• [Source material]:
[Start of Attachment]
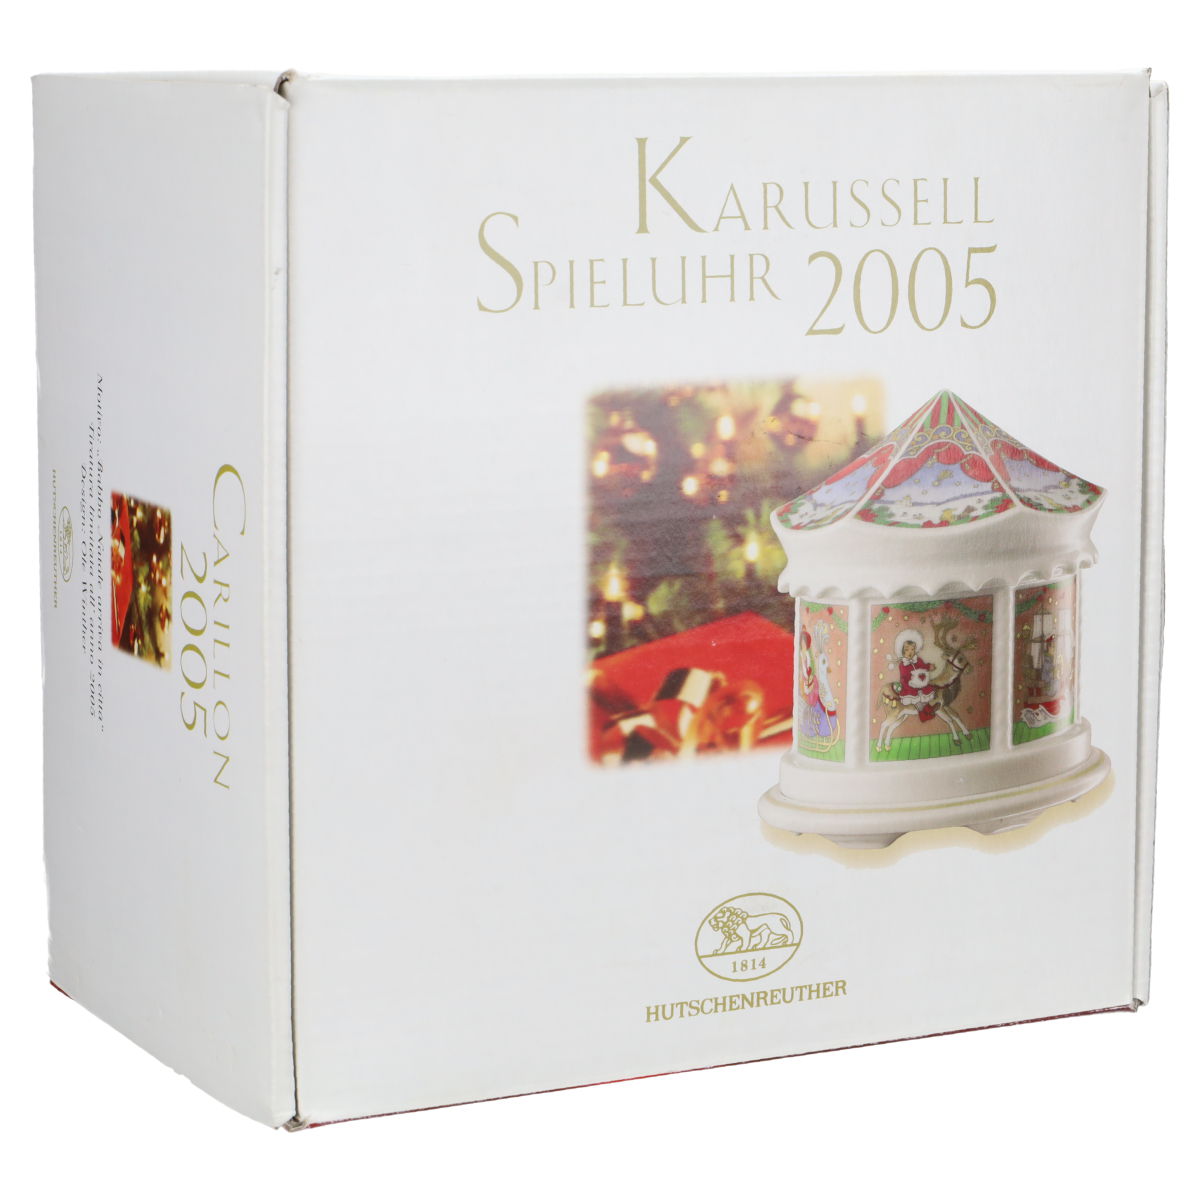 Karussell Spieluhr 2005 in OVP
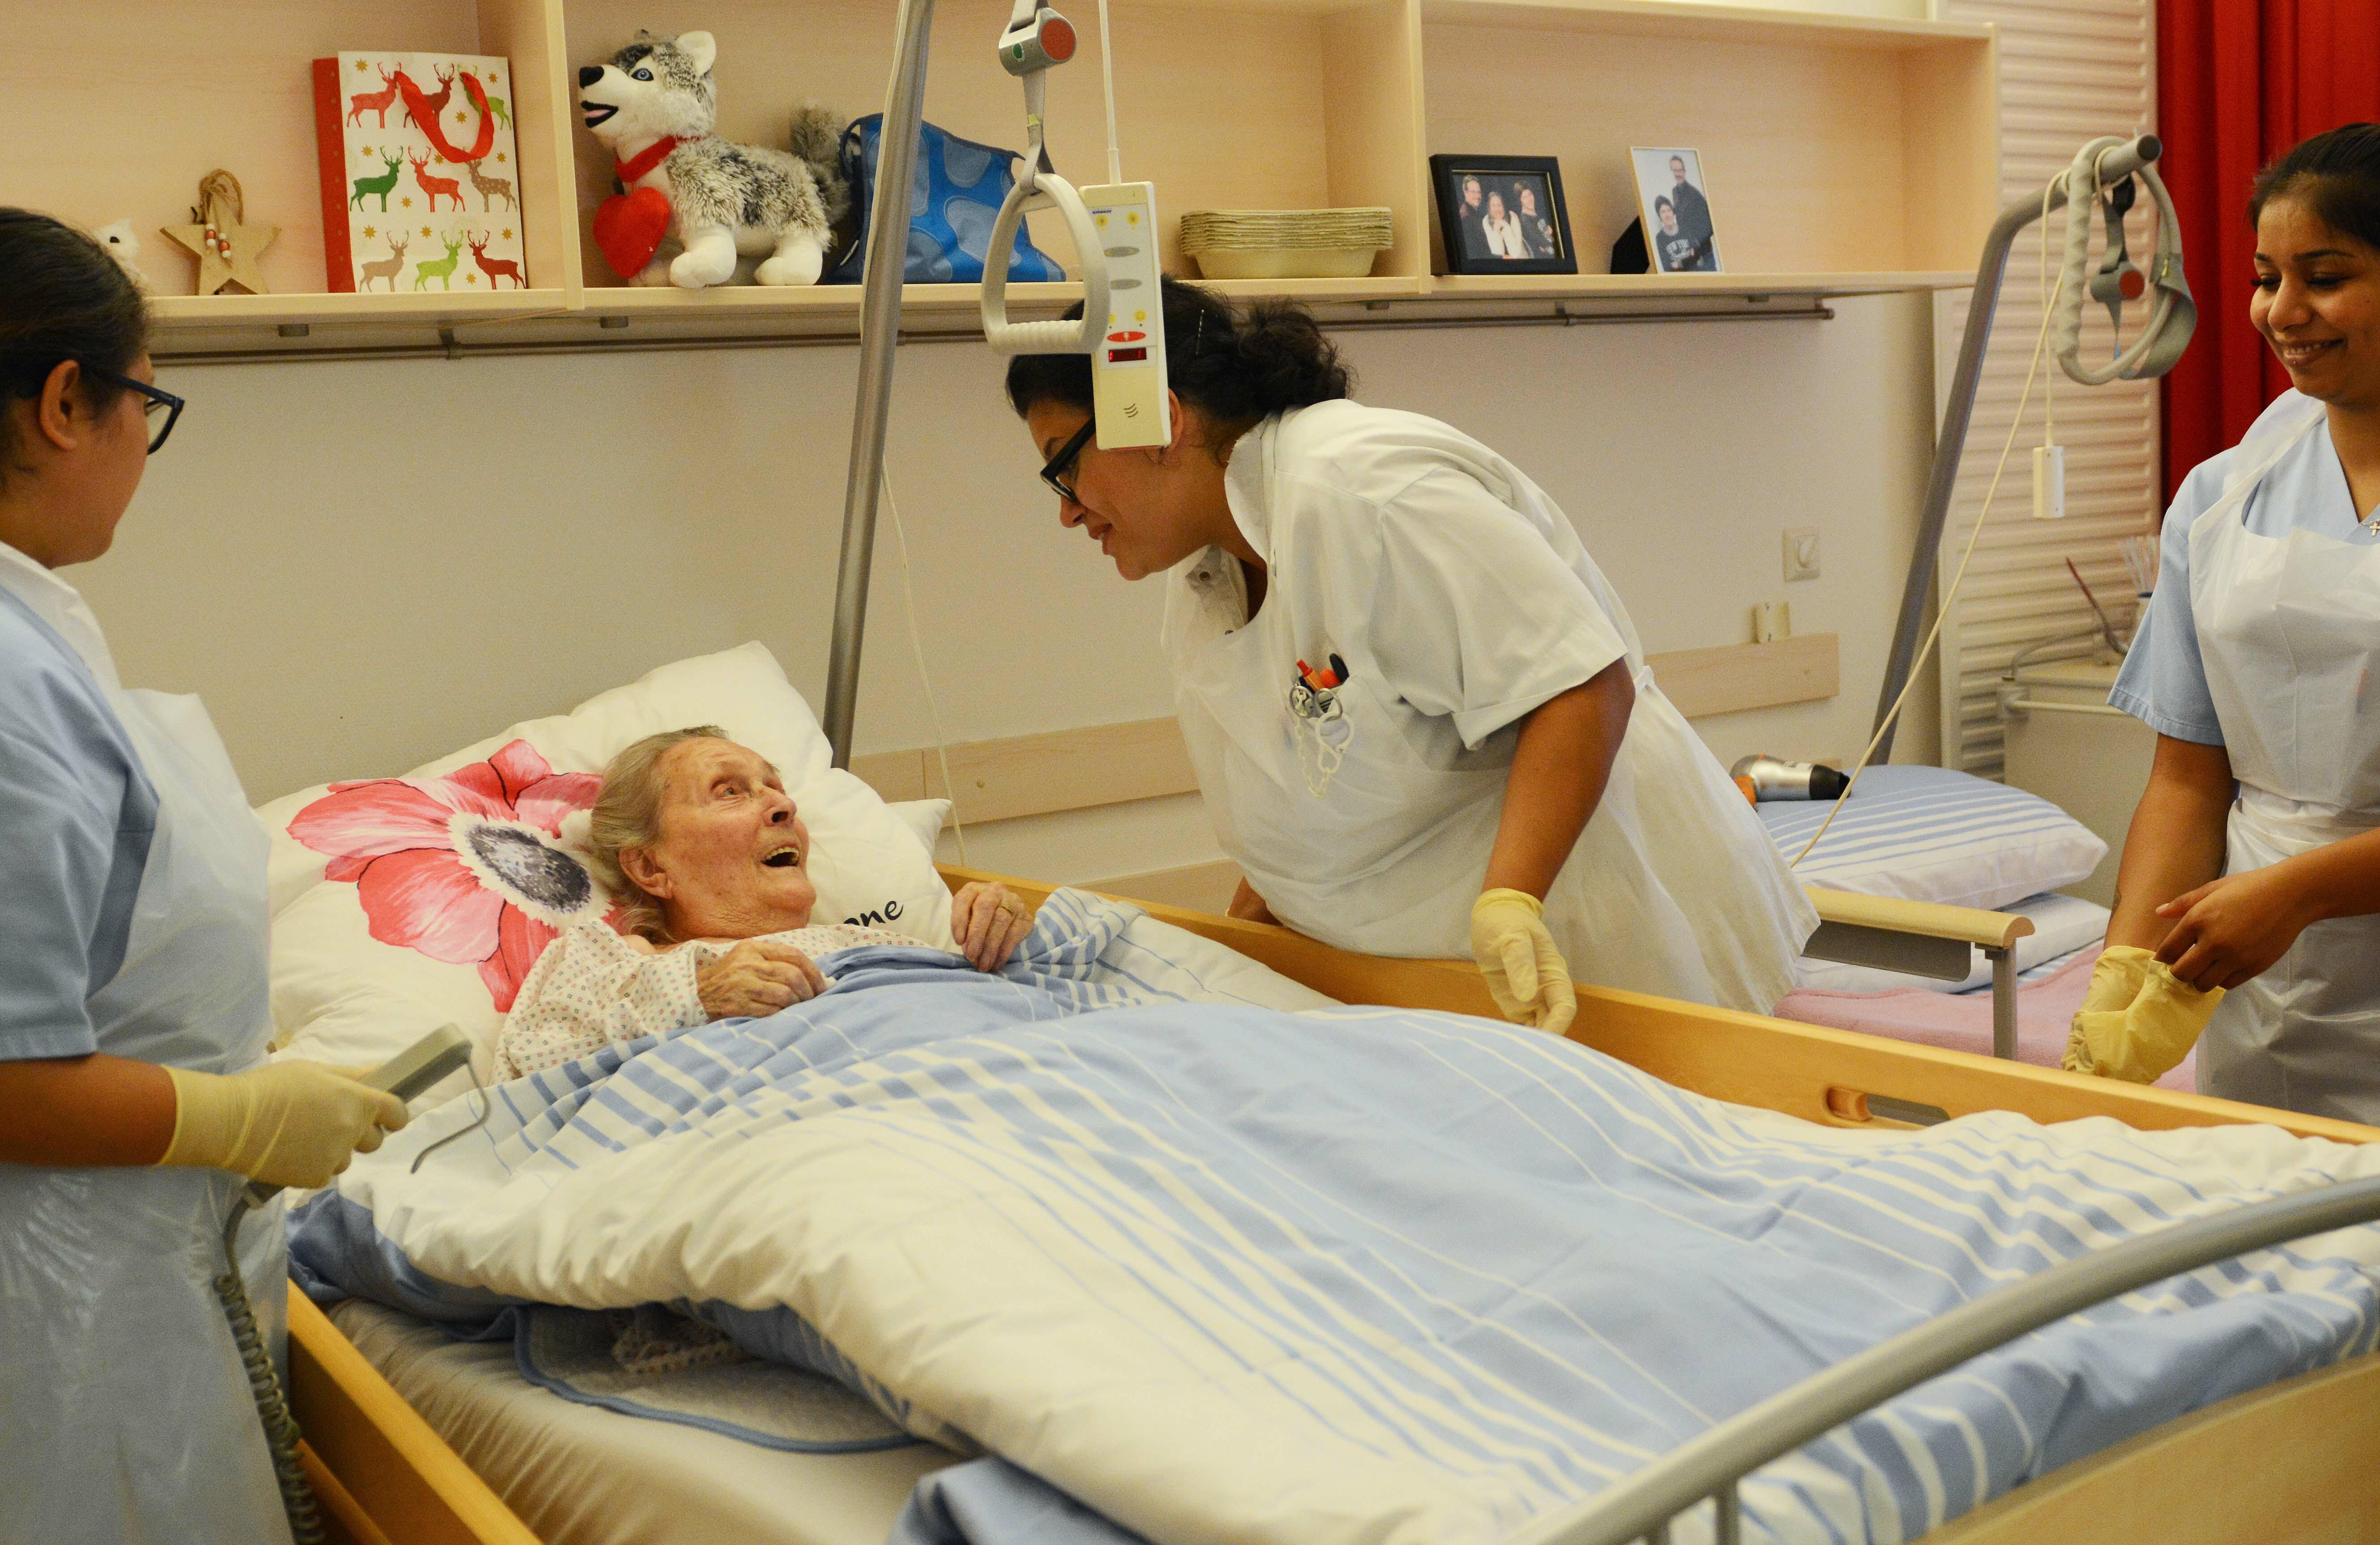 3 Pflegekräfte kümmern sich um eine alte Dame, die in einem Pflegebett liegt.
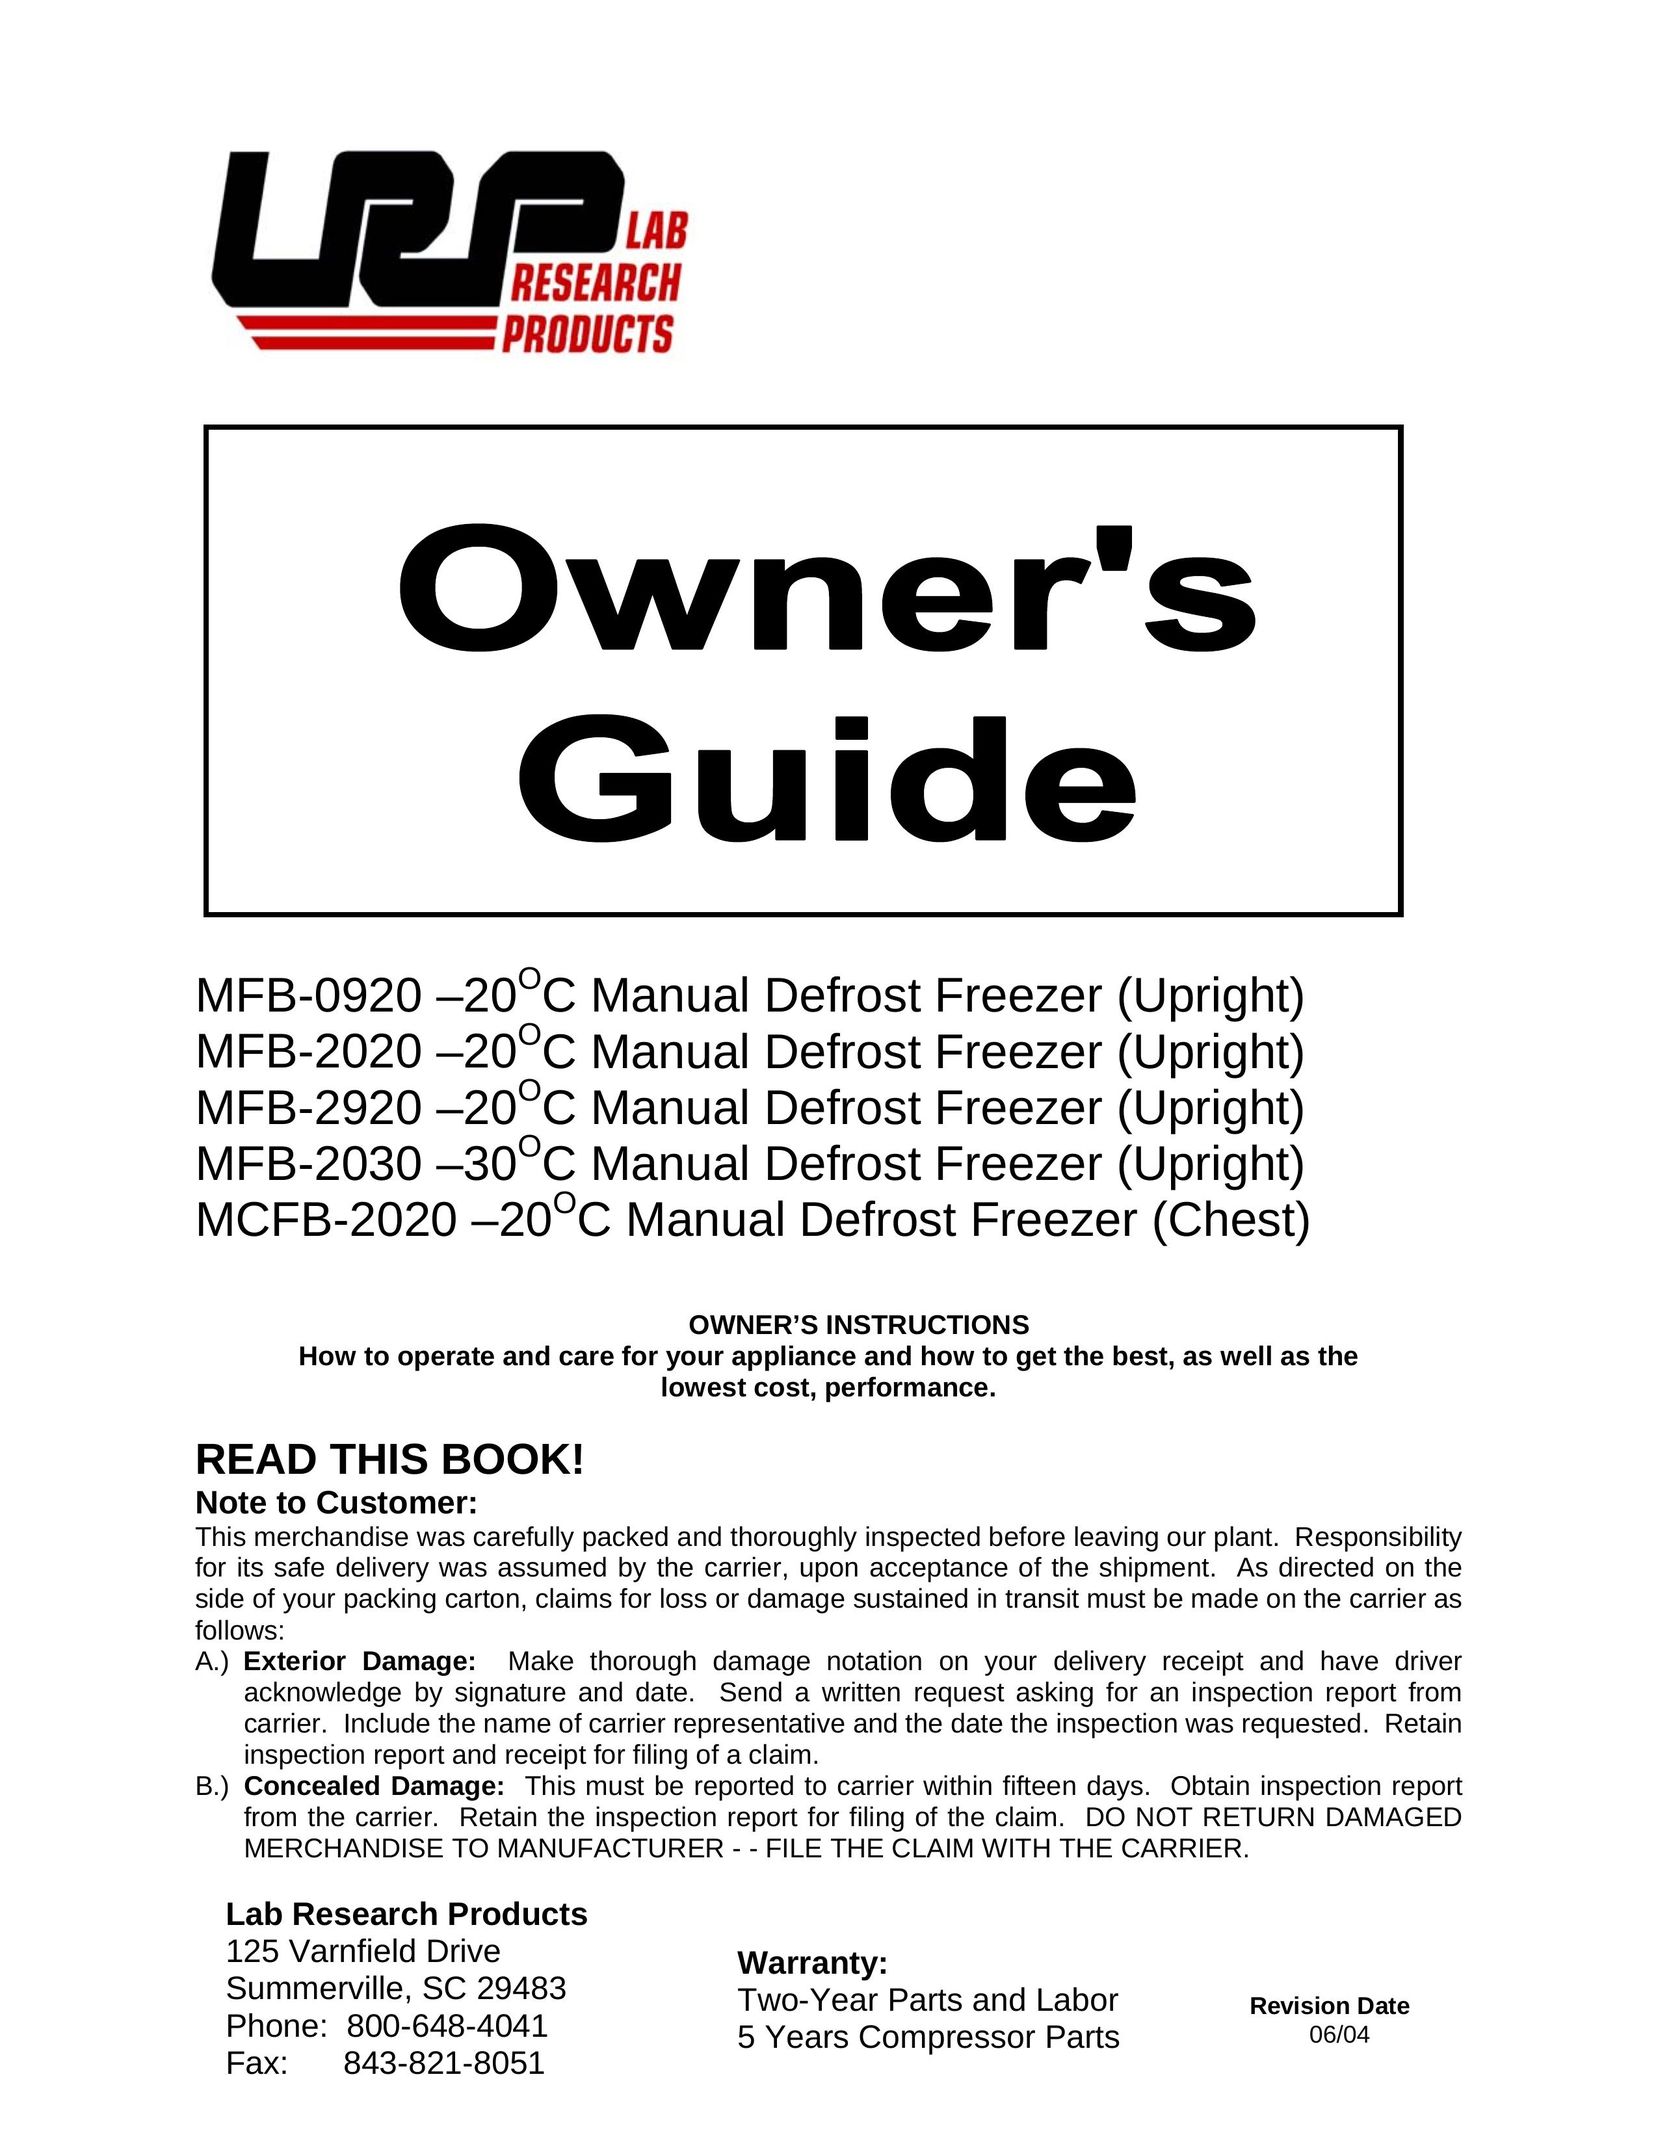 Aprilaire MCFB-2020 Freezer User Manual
[End of Attachment]
• [What to work on]: Please write out the lines above exactly, from the one that contains "3 Pflegekräfte kümmern" through the final line, and include none of the pictures.

• [Expected answer]:
 3 Pflegekräfte kümmern sich um eine alte Dame, die in einem Pflegebett liegt.
 Aprilaire MCFB-2020 Freezer User Manual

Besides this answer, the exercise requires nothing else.